__Work request__
Your answer must be exactly the lines from the one containing "ILSC Land Acquisitions and Grants" through the end of the material, both ends included, without pictures.

__Dataset content__

===

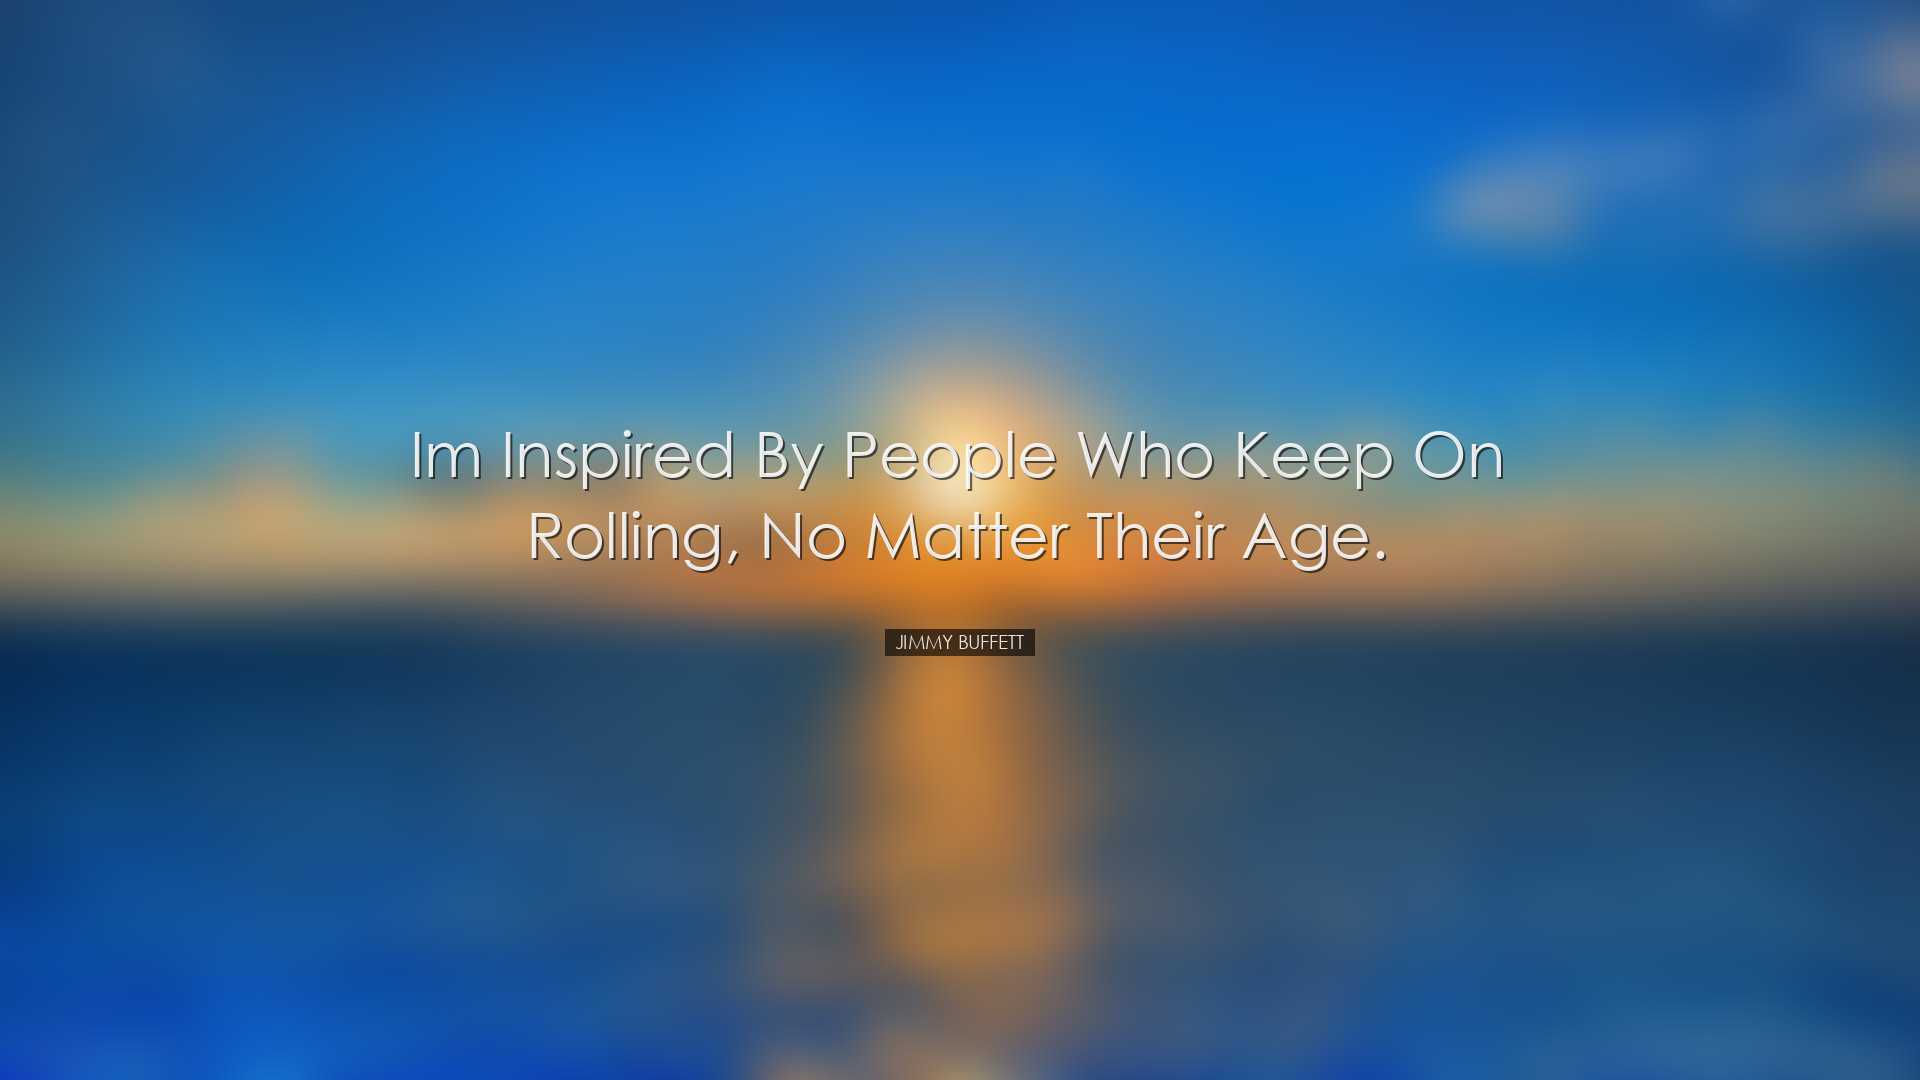 Im inspired by people who keep on rolling, no matter their age. -
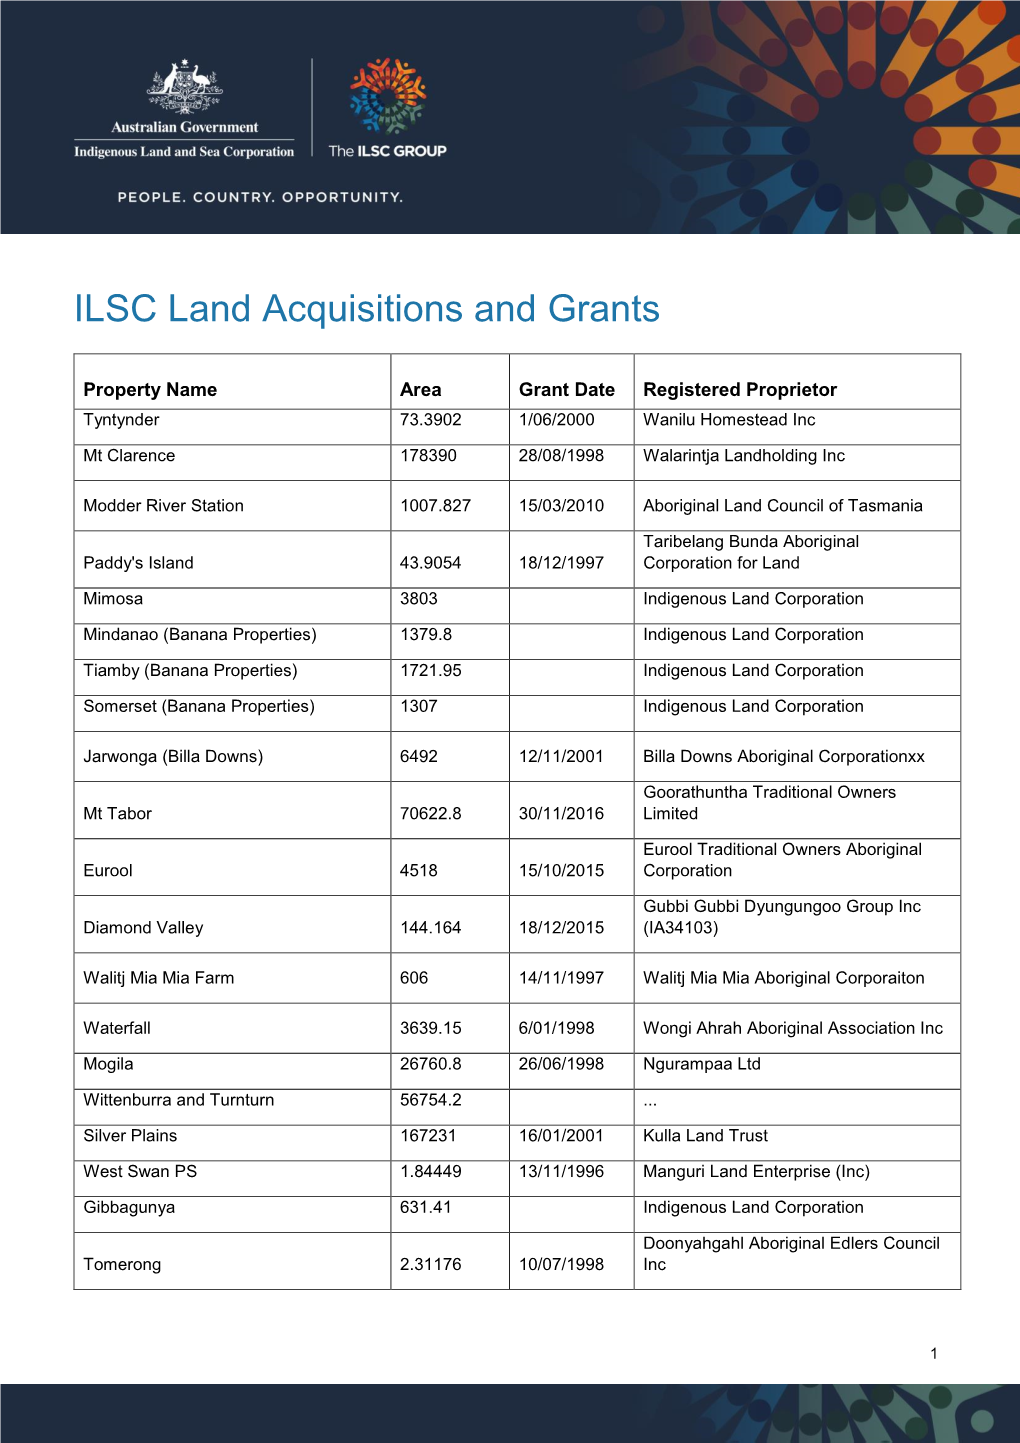 ILSC Land Acquisitions and Grants
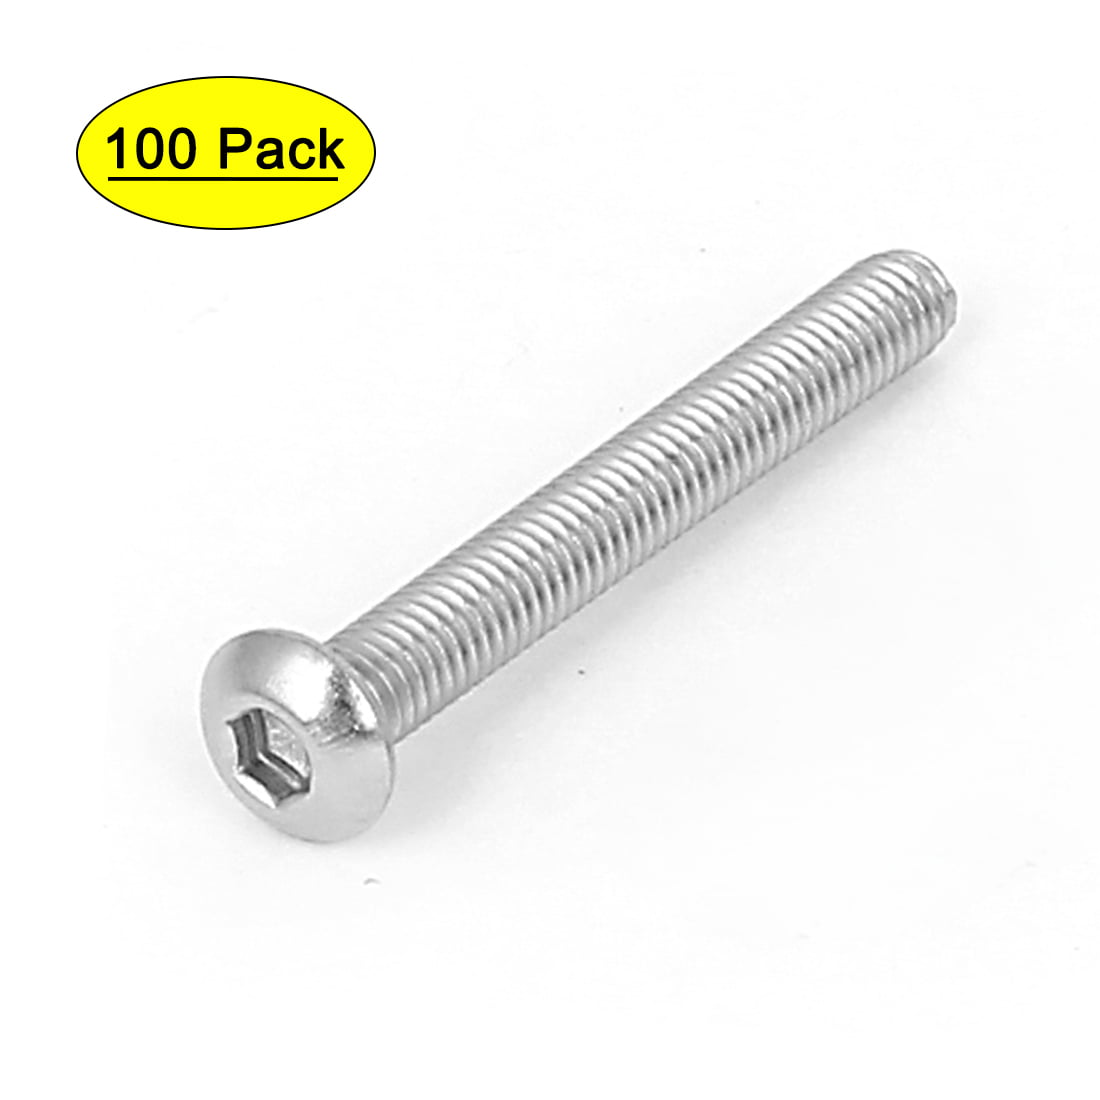 36 x Stainless Steel Screws for Furnitures Feets M3x25mm Assortments 
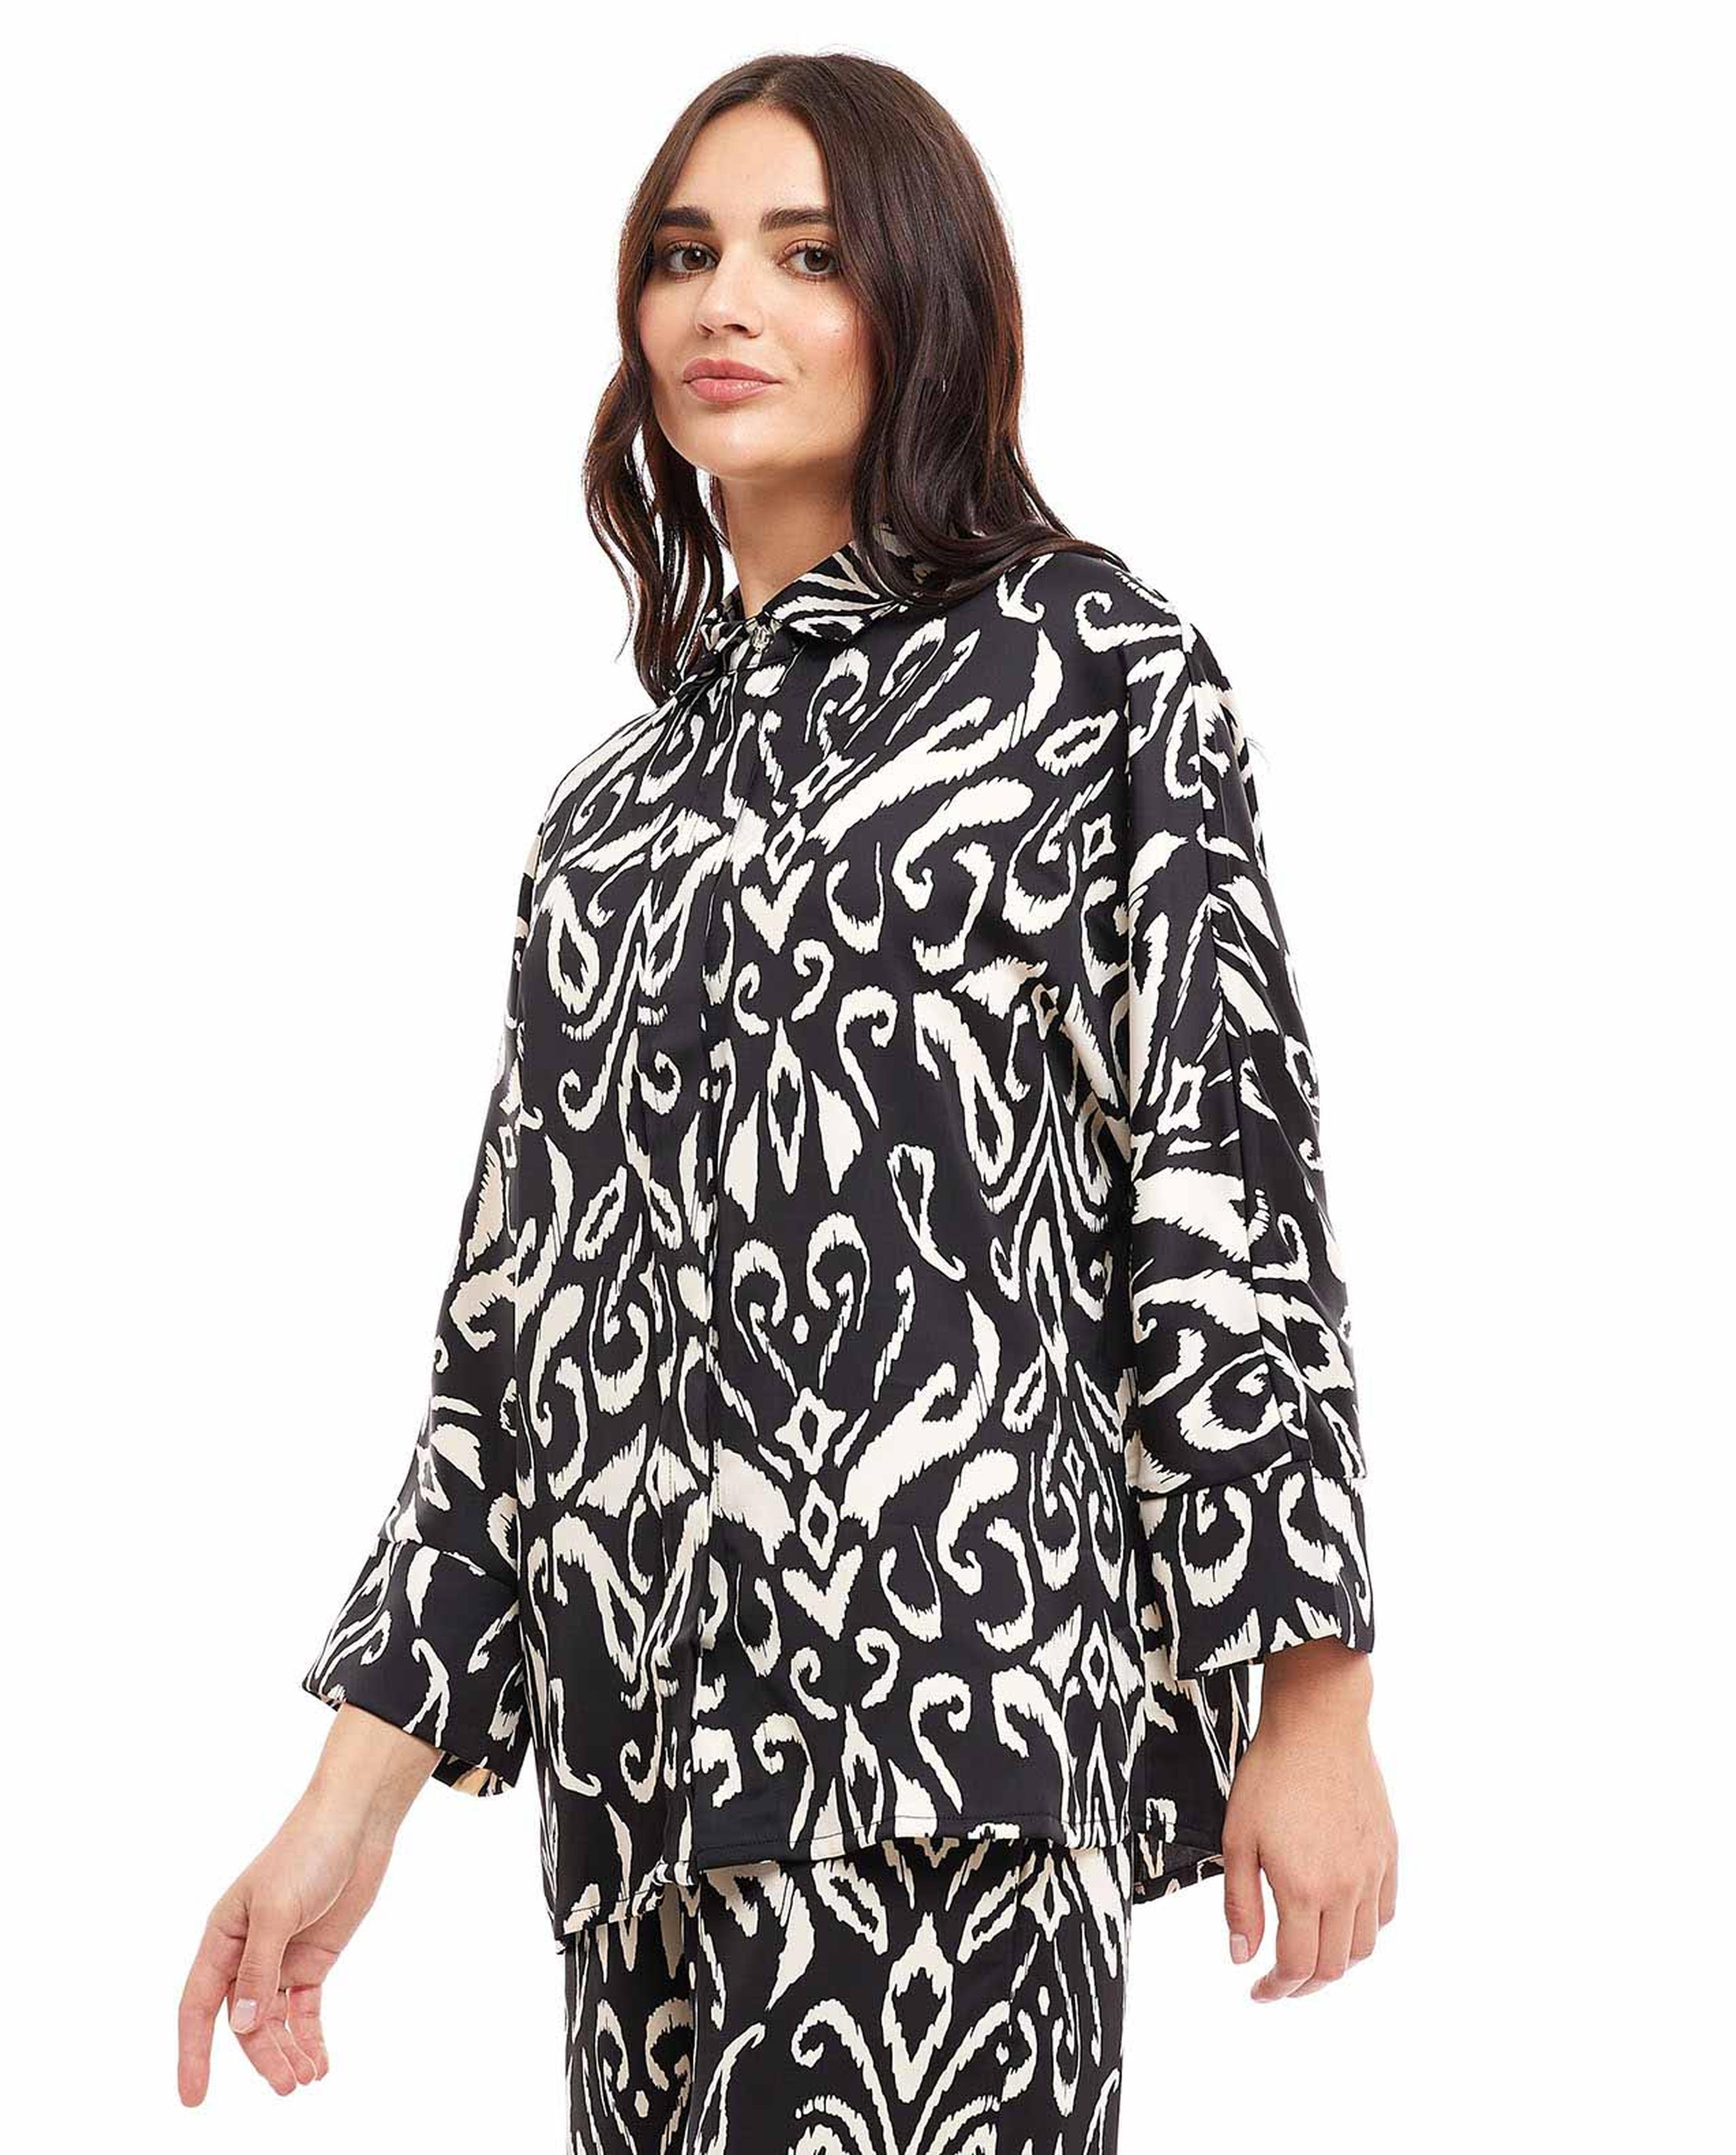 Patterned Tunic with Spread Collar and Long Sleeves

===

__Response to the task__
 ILSC Land Acquisitions and Grants
 36 x Stainless Steel Screws for Furnitures Feets M3x25mm Assortments 
 Patterned Tunic with Spread Collar and Long Sleeves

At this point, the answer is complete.